Sunday, October 11, 2009

Phoebe says hello

Could this be Phoebe's first word?

Wednesday, September 30, 2009

The Milk Blister (a.k.a. The Bleb)

We were in the midst of trying to resolve Phoebe's Sleep Issues, which meant encouraging her to nap as often and for as long as possible, and ensuring we got her to bed at her new early bedtime. We were also on our way to a party. This was a logistical challenge. How best to enjoy the party yet still get our little girl home and to bed. She hadn't slept before we left. On the way there we discussed whether to drive around and let her sleep in the car, somehow get her to sleep there or keep her going and let her catnap on the way home.

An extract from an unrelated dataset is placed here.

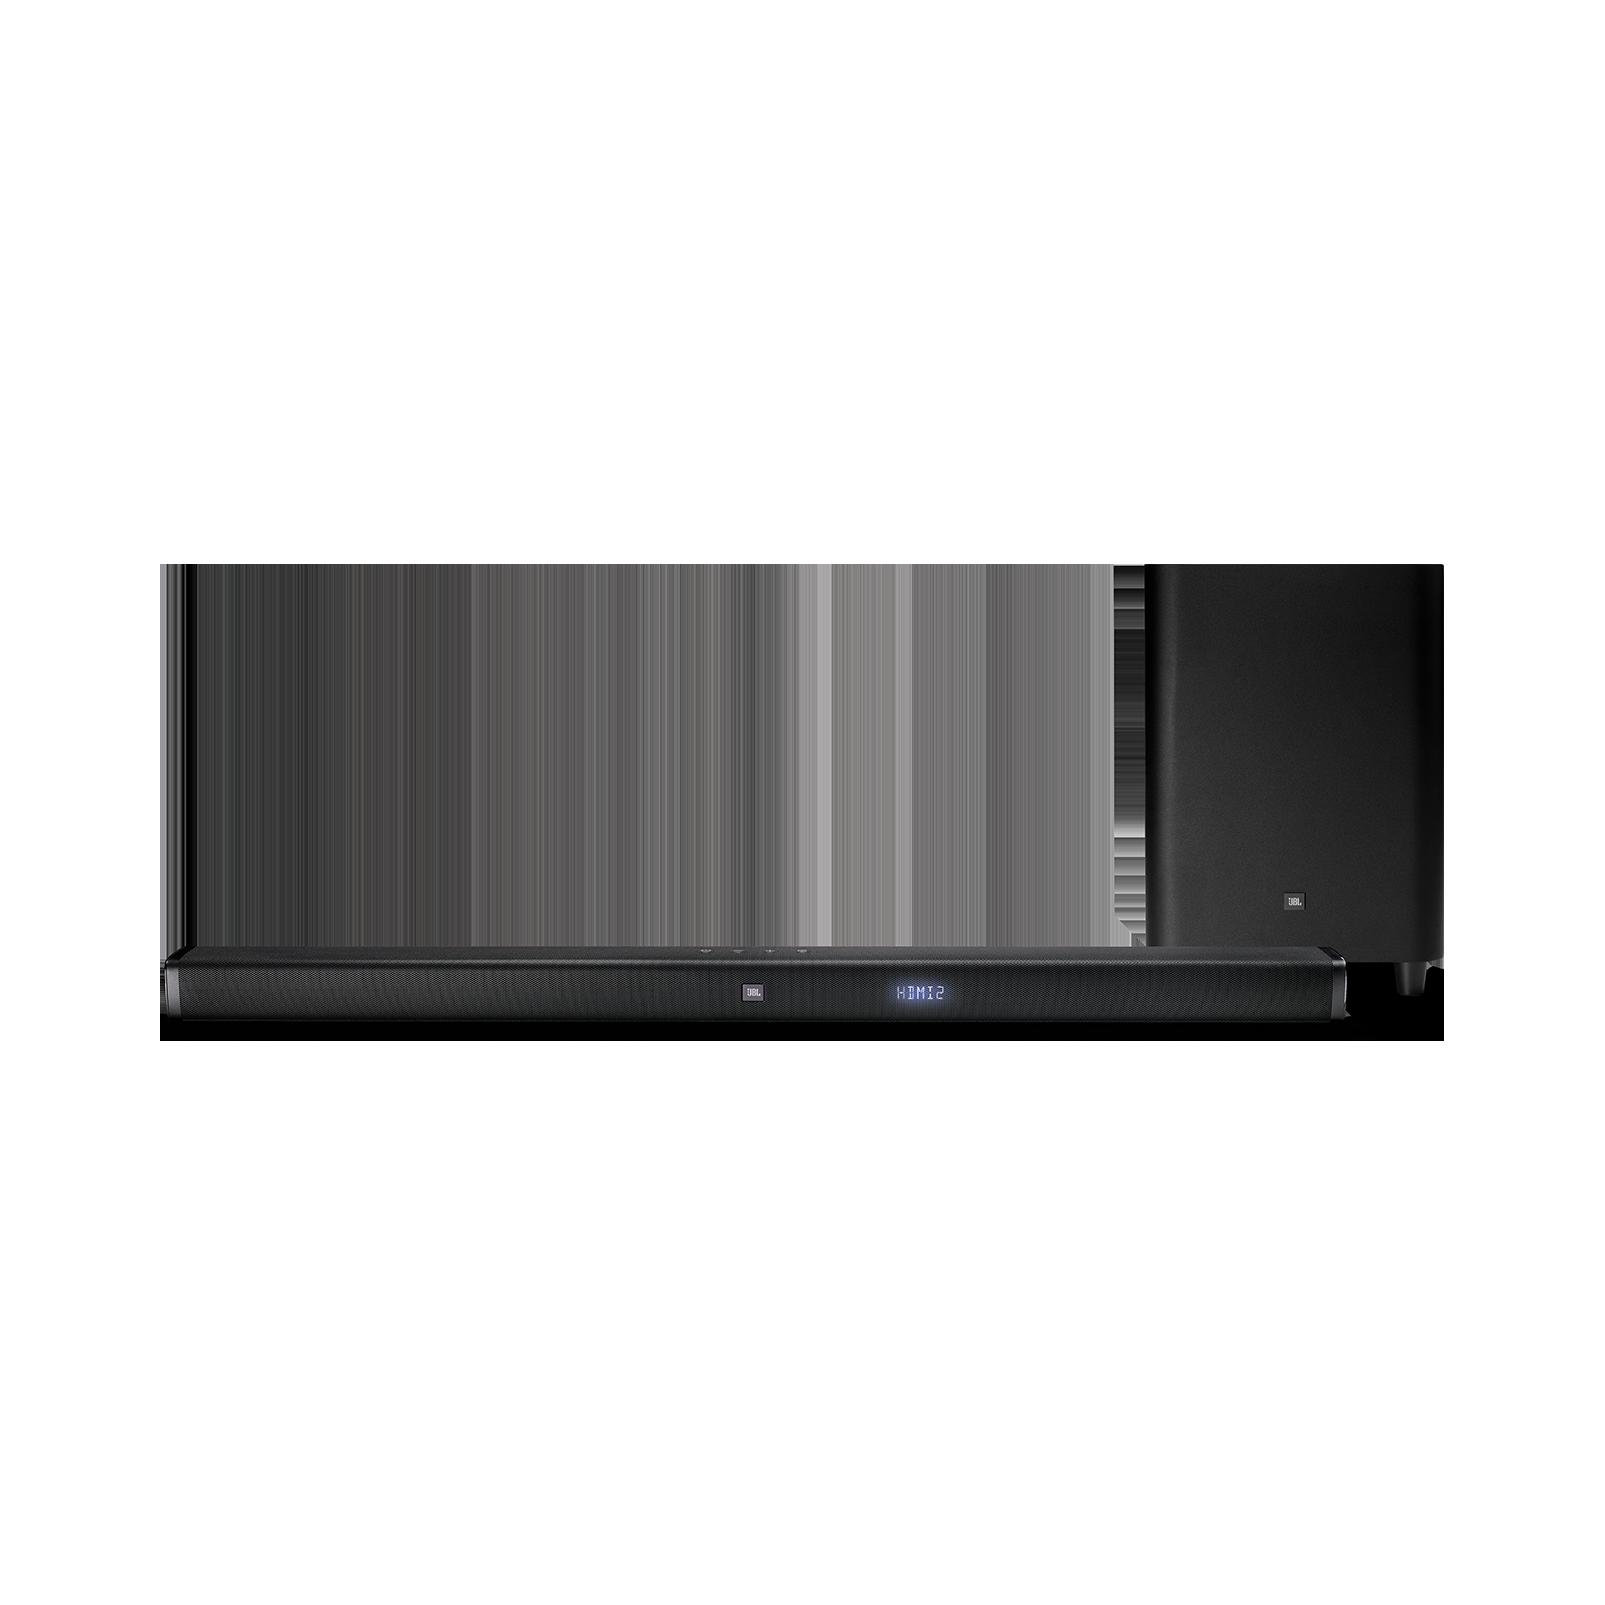 JBL Bar 3.1 - Black - 3.1-Channel 4K Ultra HD Soundbar with Wireless Subwoofer - Front
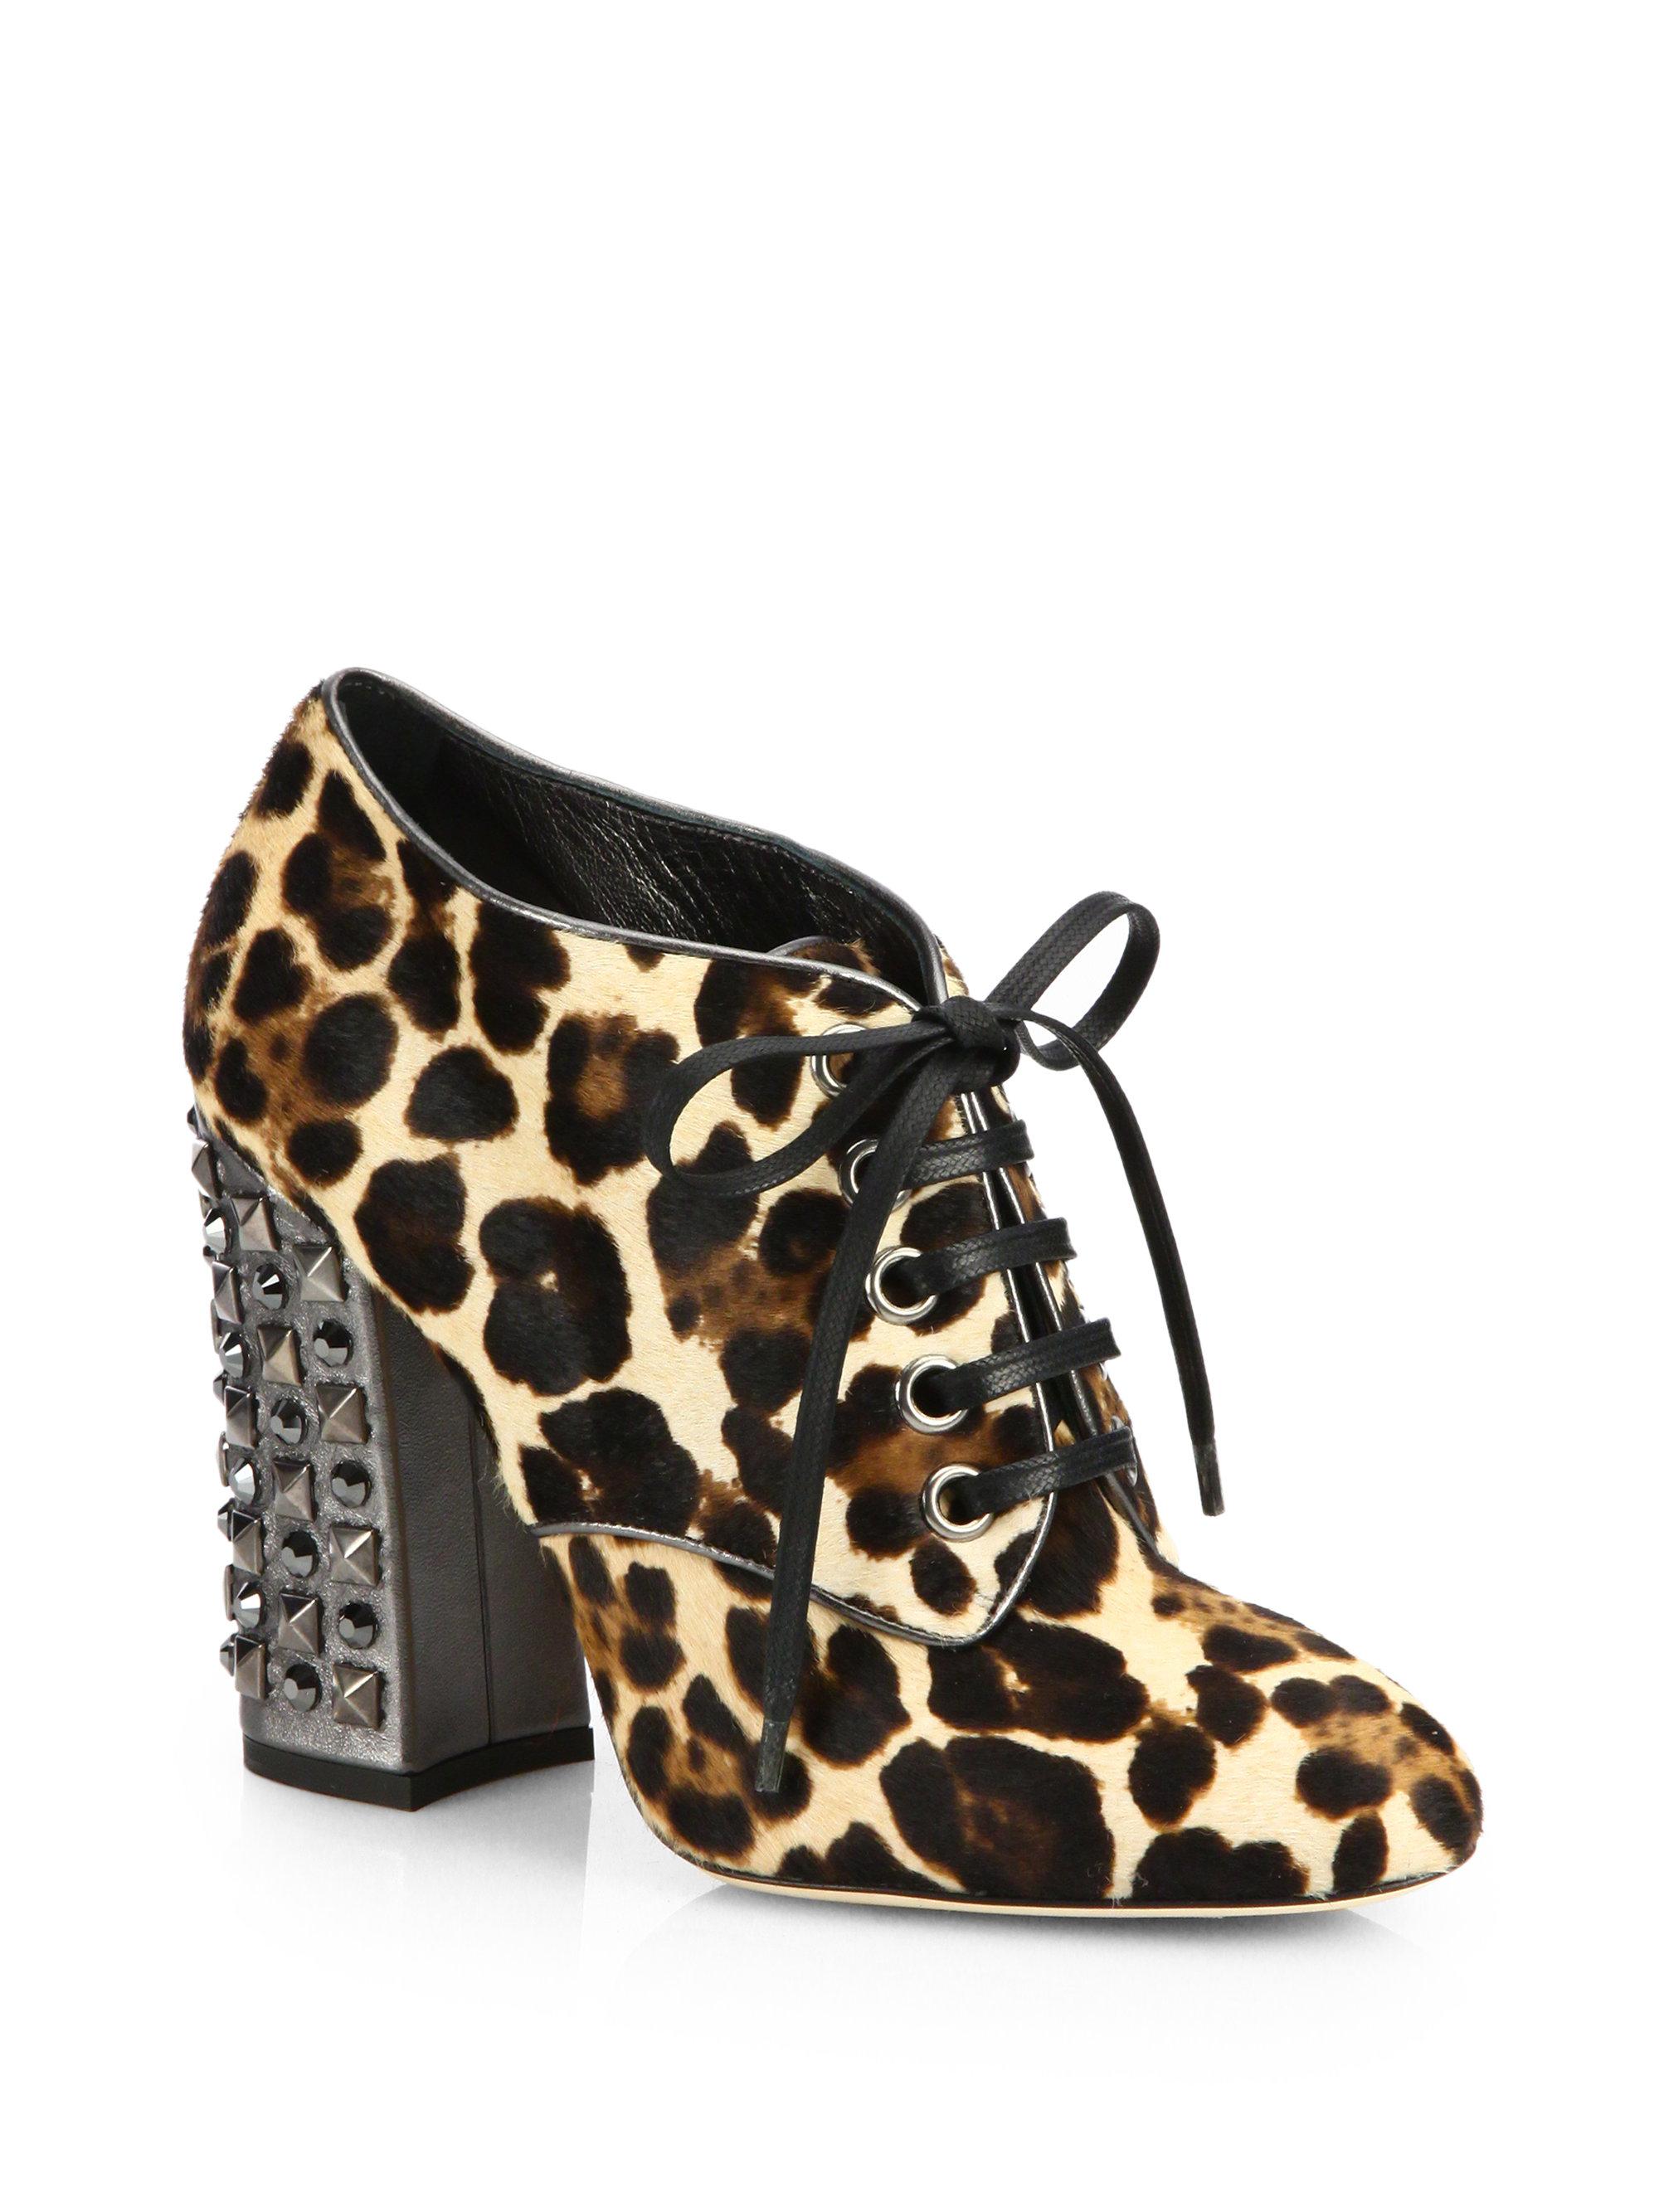 88f273c071b Dolce & Gabbana Leopard-Print Calf Hair Booties - Lyst

For some reason we settled on the latter. This involved pulling over and feeding her before we got there. After she fed from my left breast I thought it felt a bit sore and noticed the tiniest bit of blood on her chin which I thought could have come from my nipple. I didn't think much of it but the next feed at bedtime was also a bit painful. It felt like she was biting down but I could tell she was actually feeding. When she woke up later that night my breast was sore before I even put her on it. I found I had to hold it in position and even then it was almost unbearably painful. The pain was most acute at the top of my nipple but my whole breast hurt. This was much worse than vasospasm or cracked nipples in my experience. It was one of the most painful experiences I have ever had, with the possible exception of ear infection. I could have cried. Eventually I fed her from the other breast and when she seemed satisfied put her back in her cot without offering the left side again. I took some paracetamol and went back to bed, still in a lot of pain.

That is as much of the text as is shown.